## [Task inputs]
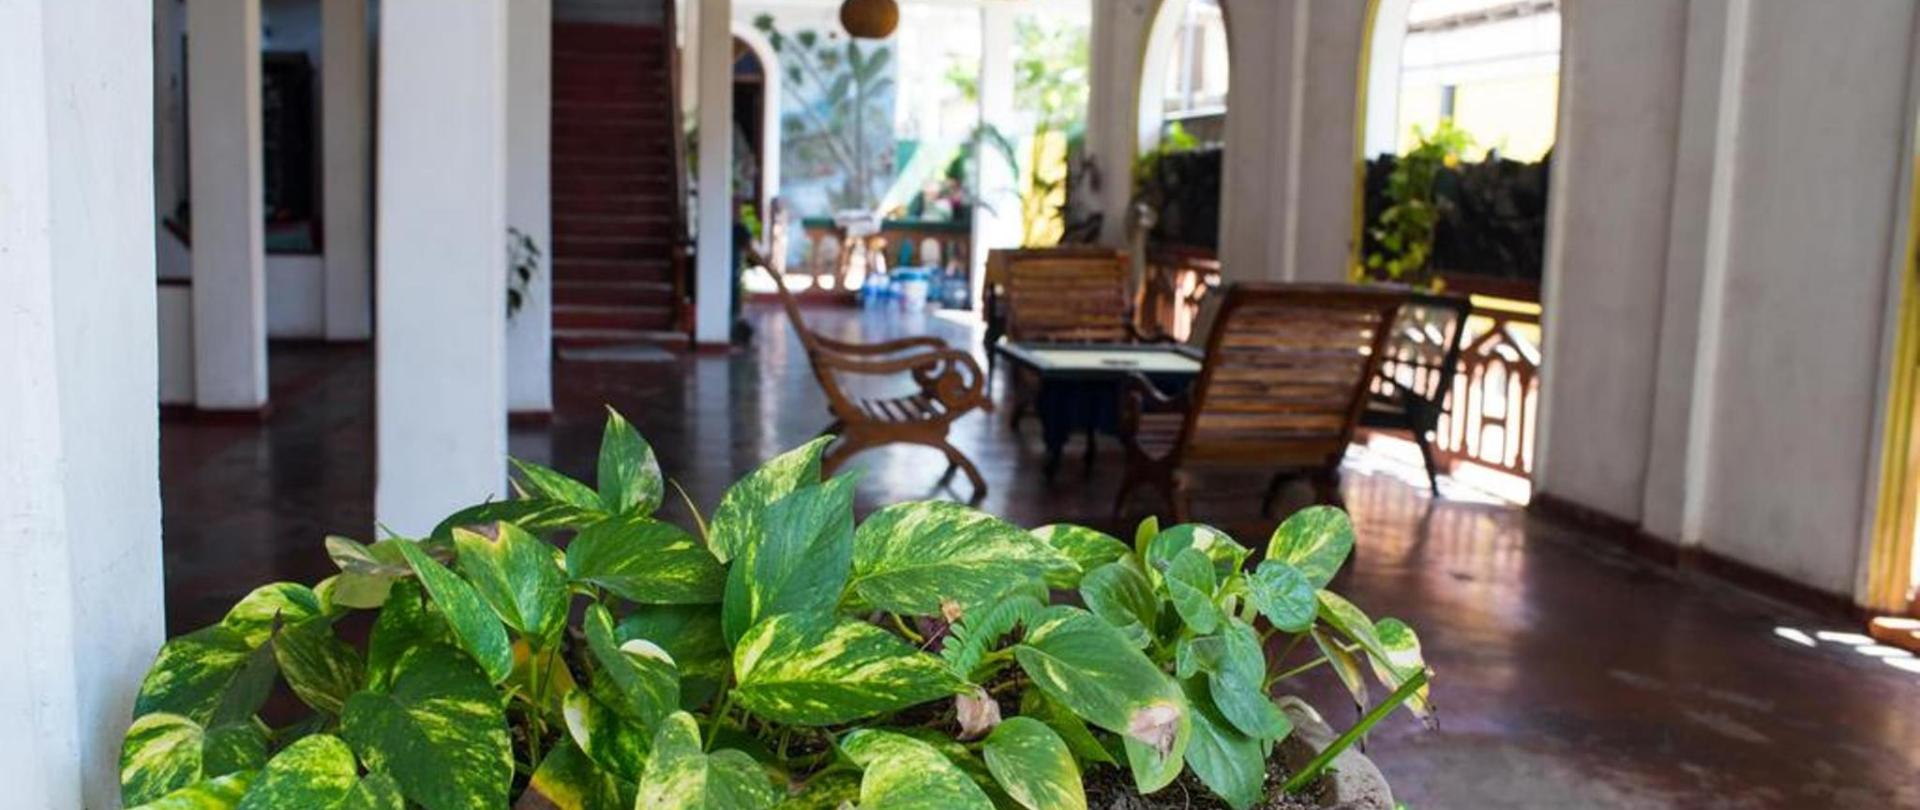 Casalanka Hotel Hikkaduwa Sri Lanka.jpg
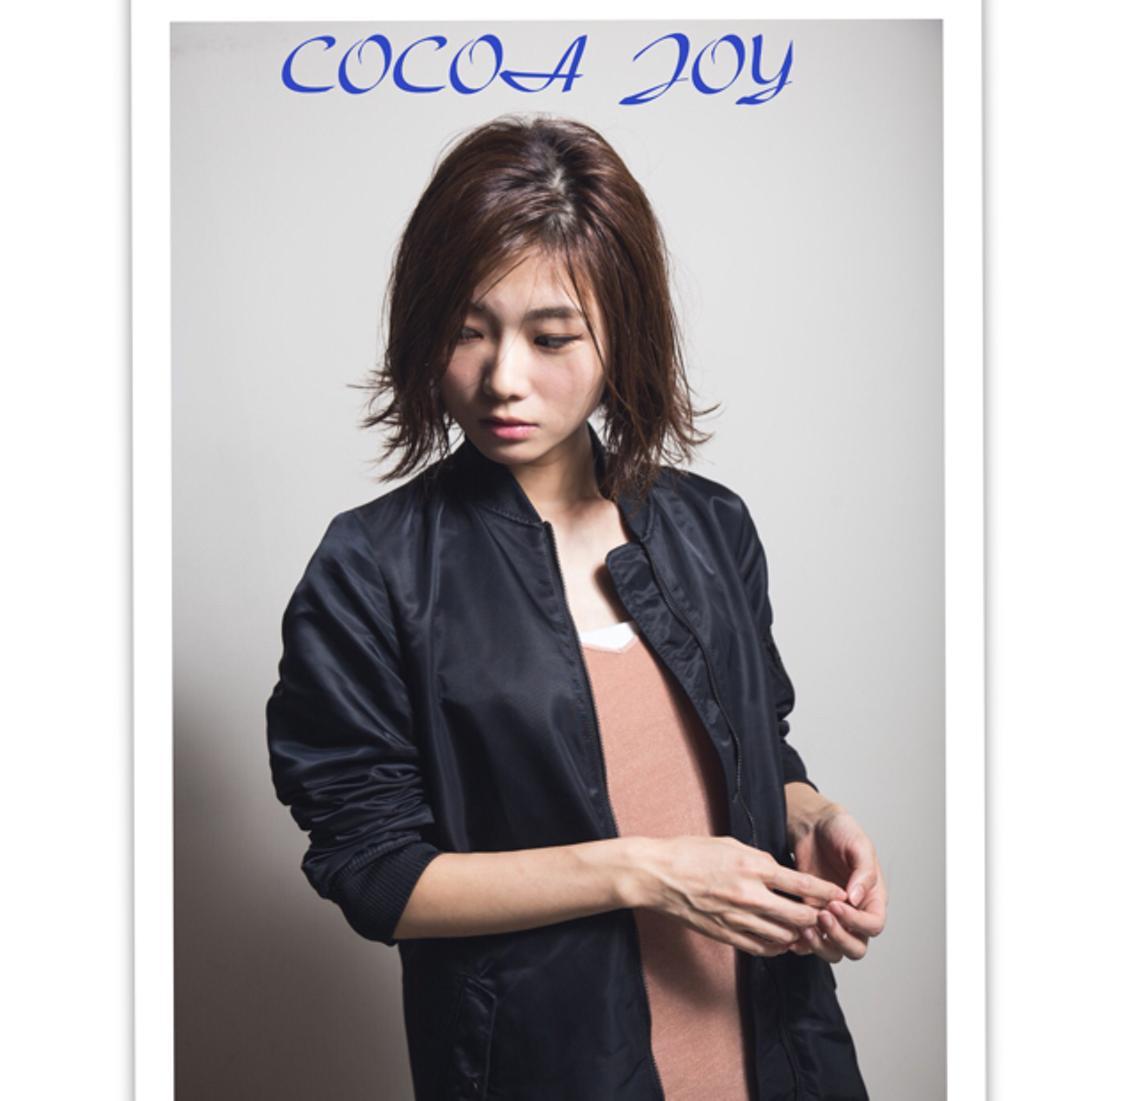 COCOAはおかげさまで2周年を迎えることができました。さらに5月から新店舗のCOCOAJOYがオープンいたしました!!
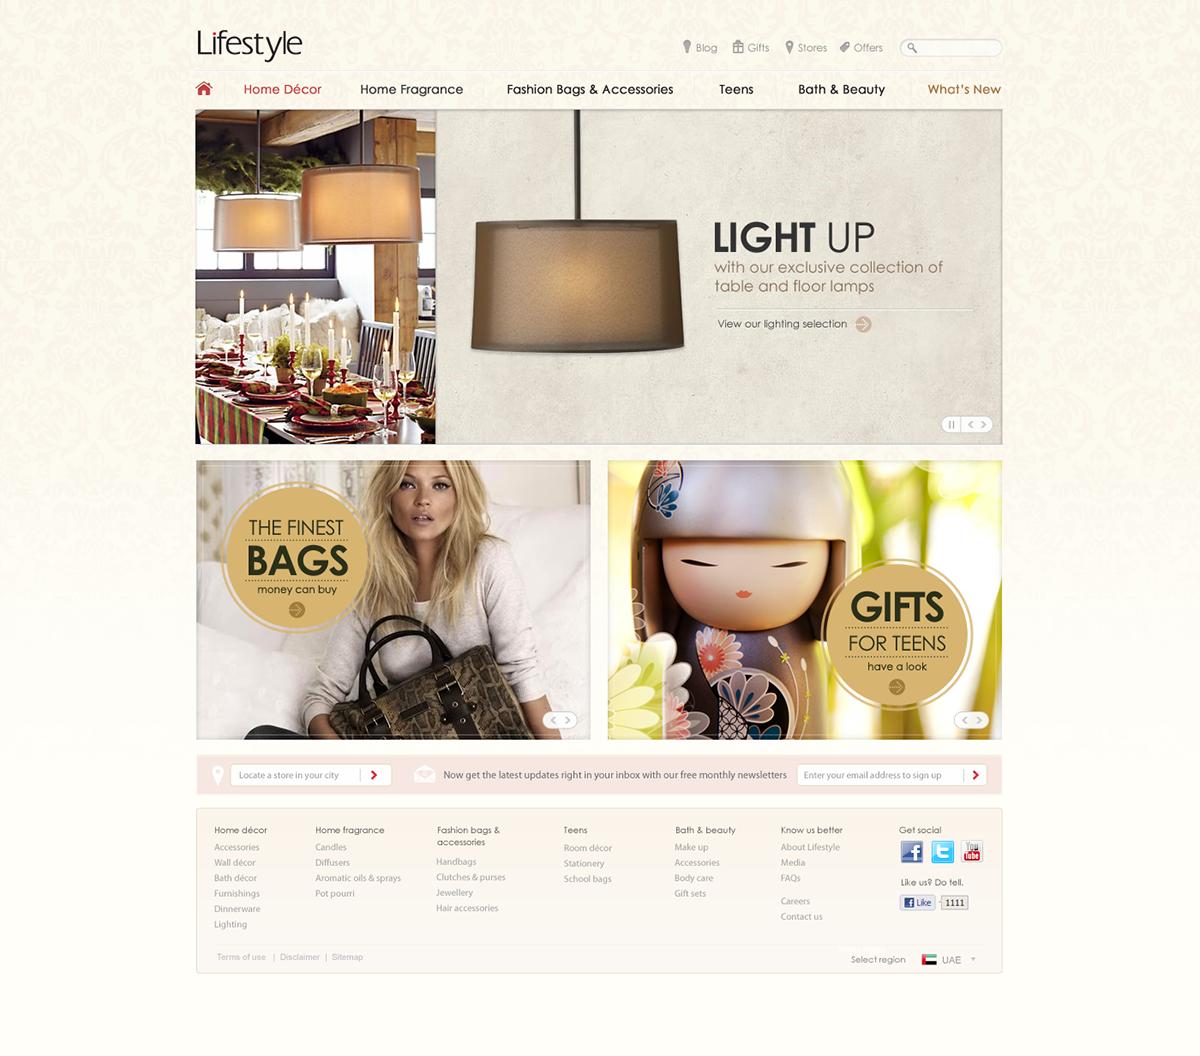 lifestyle fashion website Online shop Shopping landmark group Hospitality Ecommerce
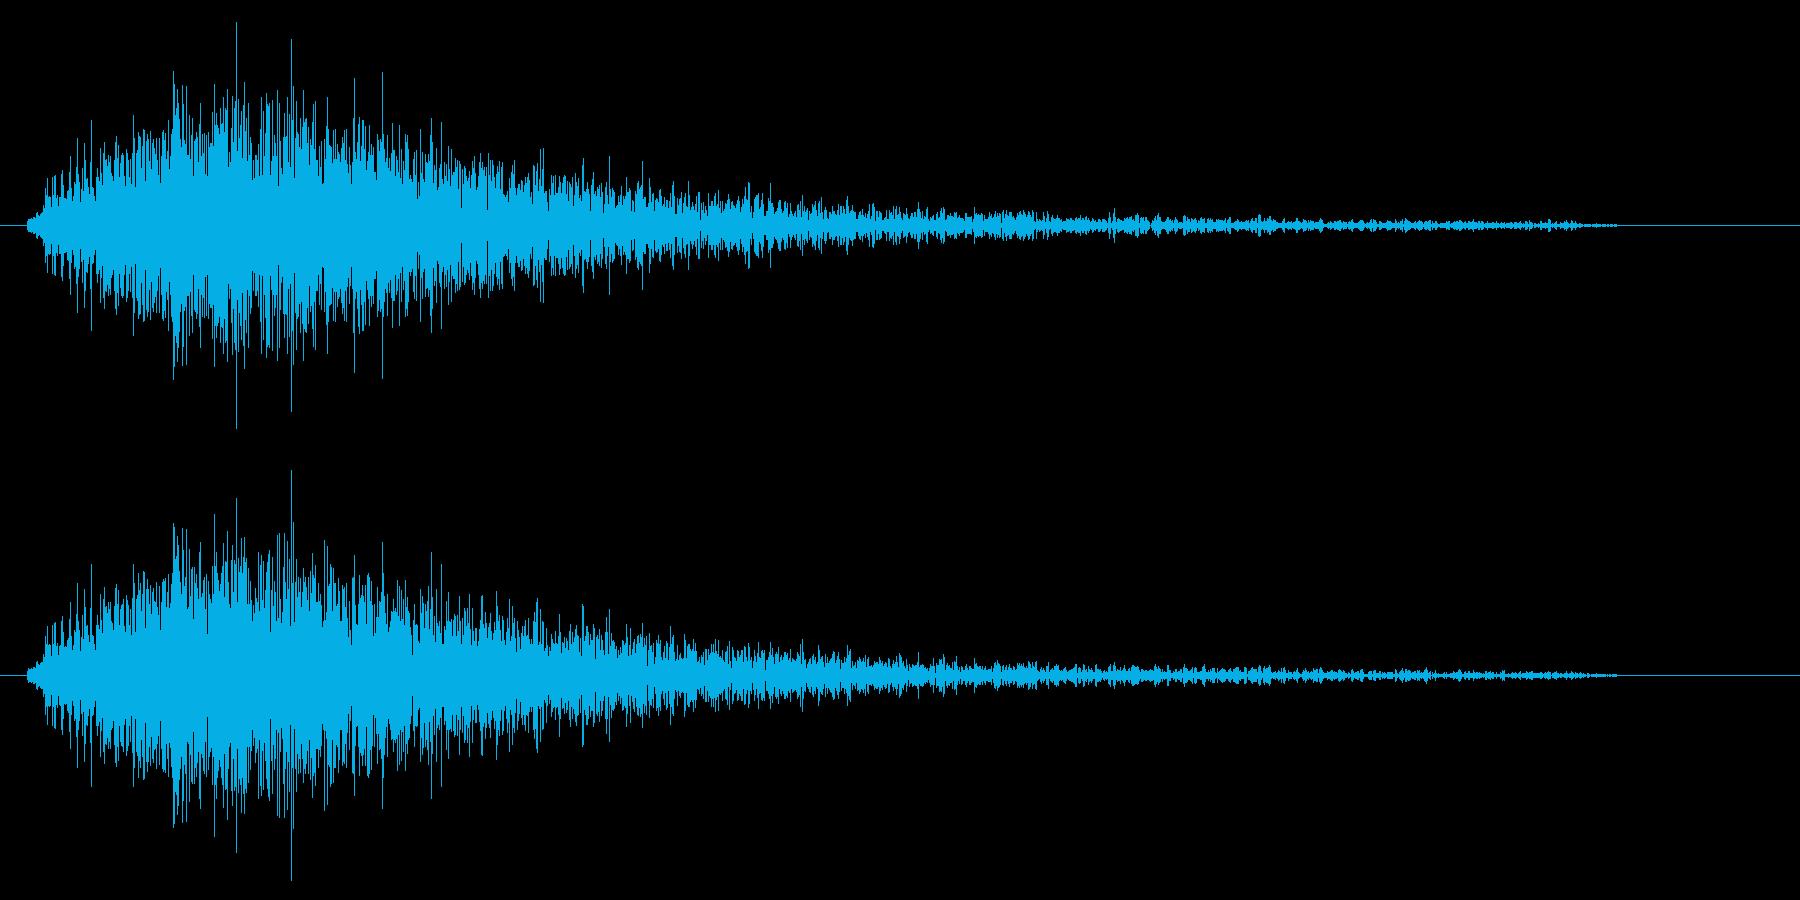 チュワーン(シューティング音)の再生済みの波形
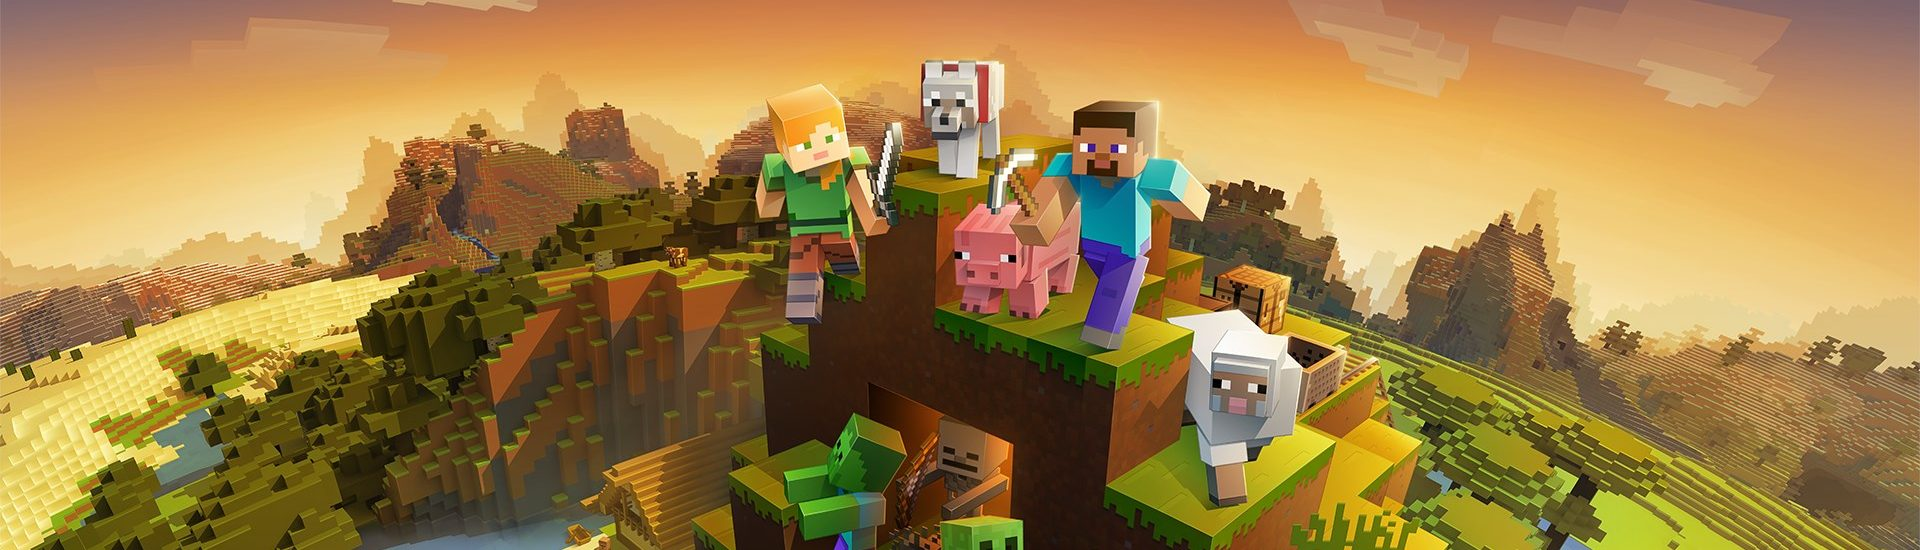 MinecraftZ
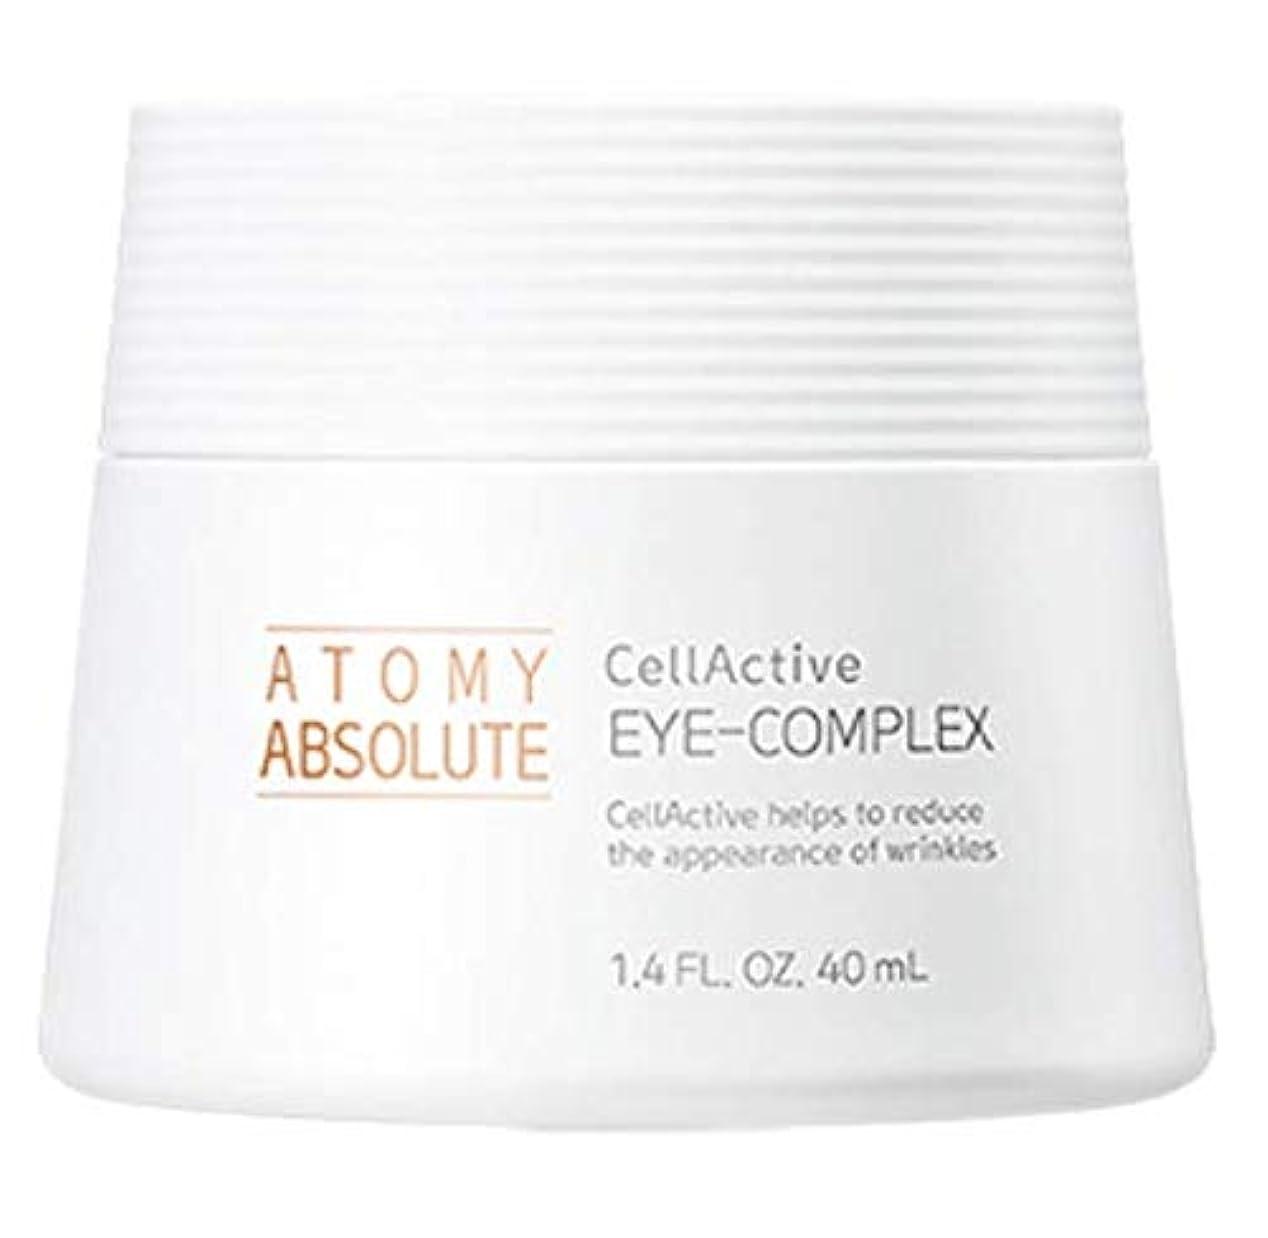 ハッピー収束感嘆アトミエイソルート セレクティブ アイクリームAtomy Celective Absolute Eye-Complex 40ml [並行輸入品]

## [What you have to do]
Leaving out the pictures, return the records exactly as given.

## [Reply to the exercise]
 Casalanka Hotel Hikkaduwa Sri Lanka.jpg
 COCOAはおかげさまで2周年を迎えることができました。さらに5月から新店舗のCOCOAJOYがオープンいたしました!!
 lifestyle fashion website Online shop Shopping landmark group Hospitality Ecommerce
 チュワーン(シューティング音)の再生済みの波形
 MinecraftZ
 ハッピー収束感嘆アトミエイソルート セレクティブ アイクリームAtomy Celective Absolute Eye-Complex 40ml [並行輸入品]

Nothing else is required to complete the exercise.